Госпожа Кабураги была счастлива от неожиданной встречи. С того самого последнего раза она боролась с ревностью. Её сдержанность была сильнее, чем у большинства мужчин, и это придавало ей силу и решимость не делать самой первого шага ему навстречу. Она начала выходить на прогулки в полном одиночестве. Она ходила в кино одна. Она обедала без компании, одна пила чай. Но при этом она осознавала, что обретает свободу от своих чувств.
Тем не менее куда бы она ни пошла, она ощущала преследующий её взгляд Юити, полный гордого презрения. Этот взгляд говорил: «На колени. Немедленно на колени передо мной!»
Однажды она отправилась в театр – одна. В антракте она стала свидетельницей ужасной толкотни перед зеркалом в дамском туалете. Лица дам налезали друг на друга в зеркале – каждая женщина сама за себя. Они надували щёки, они выпячивали губы, они выставляли свои лбы, они приглаживали брови, чтобы наложить румяна, губную помаду, карандаш для бровей, поправить выбившуюся прядку волос, чтобы убедиться, что кудри, так старательно завитые этим утром, не растрепались и не выбились из прически. Одна женщина бесстыдно вытащила вставные зубы. Другая, задыхаясь от пудры, состроила ужасную гримасу. Если бы кто-то превратил это зеркало в картину, он определенно услышал бы предсмертные крики убиваемых женщин, доносящиеся с холста. Лишь одно её лицо оставалось холодным, набеленным и спокойным. «На колени! На колени!» – кровь фонтаном била из ран, нанесенных её гордости.
Теперь, однако, упиваясь нектаром покорности, зайдя слишком далеко в своих чувствах, она ступала в мокрые от дождя следы, оставленные автомобилями, и переходя дорогу. Желтый лист, упавший с дерева, прилип к багажнику и трепетал, подобно бабочке. Поднялся ветер. Неразговорчивая, какой была в тот вечер, когда впервые встретилась с Юити в доме Хиноки, она повела его к лучшему портному. Служащие ателье обращались с госпожой Кабураги с почтением.
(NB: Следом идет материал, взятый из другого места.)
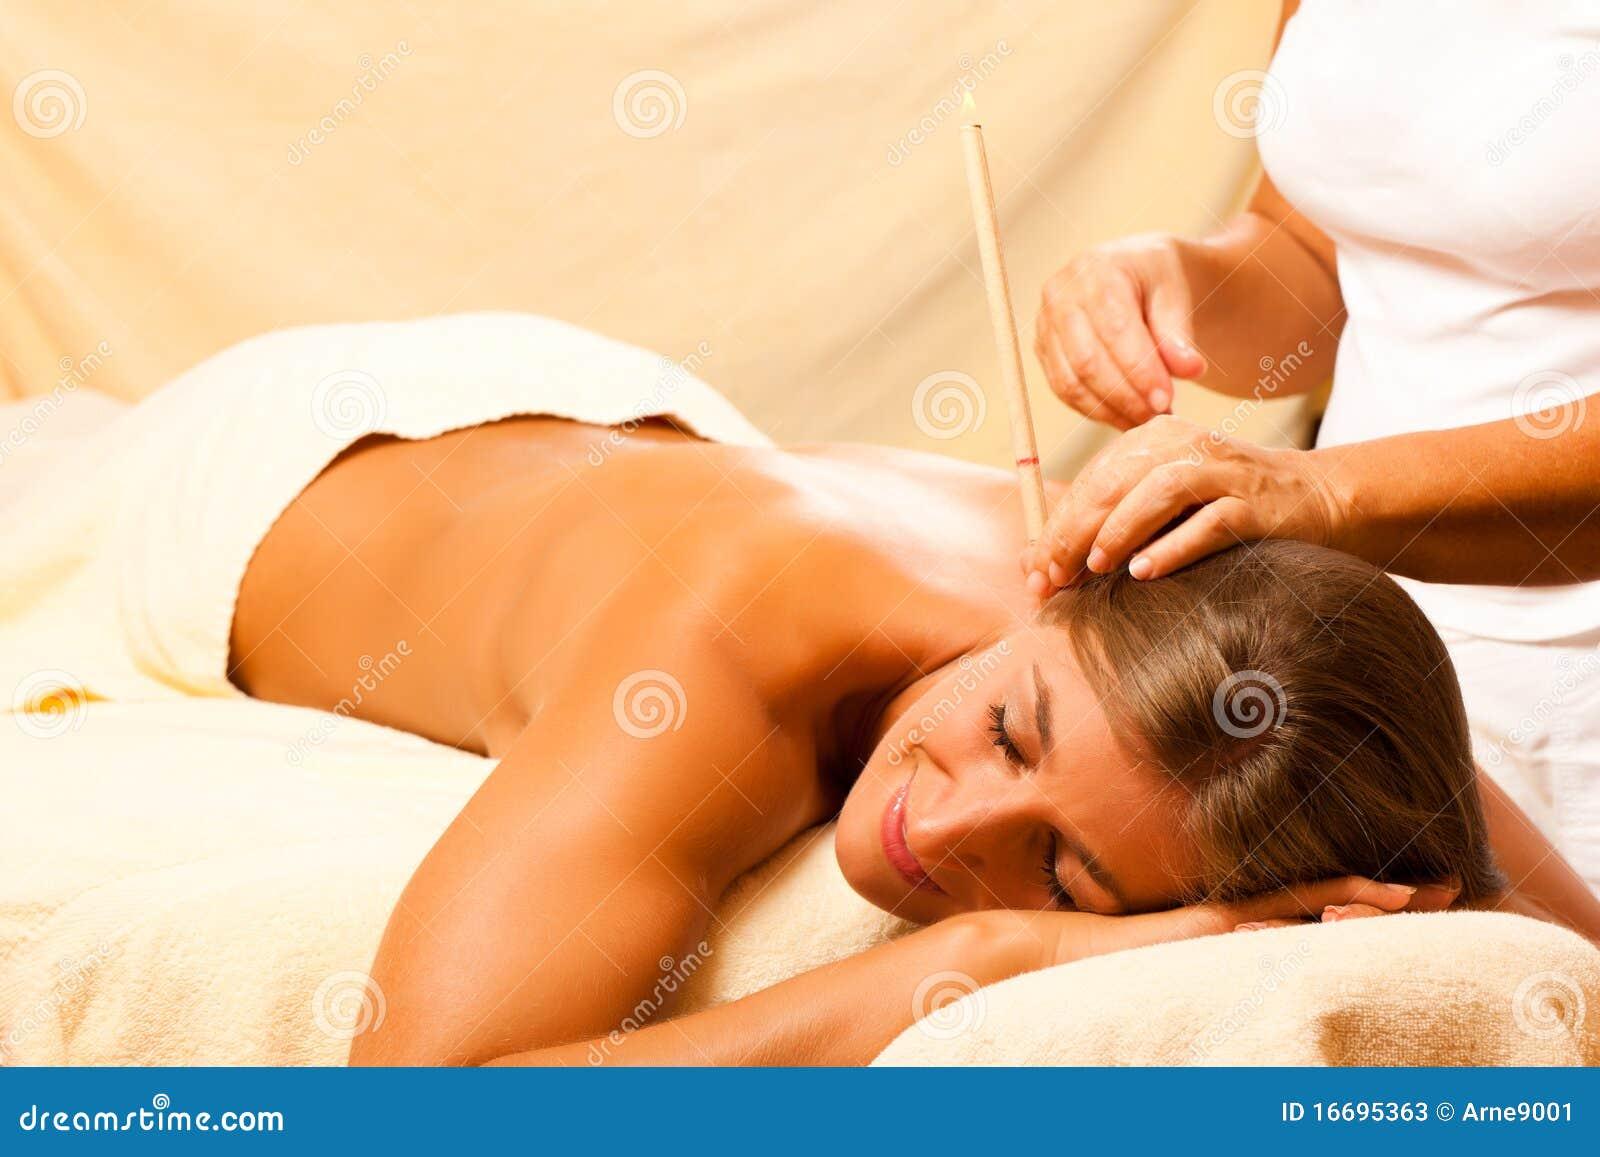 knapste vrouw intieme massage

– Это удивительно. Тебе идет любой рисунок, – сказала она, прикладывая к его груди отрез за отрезом.
Юити пришёл в отчаяние, воображая, что эти магазинные приказчики считают его полным дураком. Госпожа Кабураги остановила свой выбор на одном отрезе, а потом велела снять с Юити мерку. Старый и опытный владелец фирмы был удивлен идеальными пропорциями юноши.
Юити с тревогой думал о Сунсукэ. Наверняка старик все еще терпеливо ждет его в той чайной. Все равно нельзя допустить, чтобы госпожа Кабураги случайно натолкнулась на Сунсукэ этим вечером. Более того, нельзя сказать, куда госпожа Кабураги захочет пойти еще. Юити постепенно все меньше и меньше нуждался в помощи Сунсукэ и, подобно школьнику, у которого развивается интерес к ненавистному домашнему заданию, которое его насильно заставляют делать, у него начинала кружиться голова от возбуждающего участия в этой бесчеловечной комедии противостояния всему женскому роду.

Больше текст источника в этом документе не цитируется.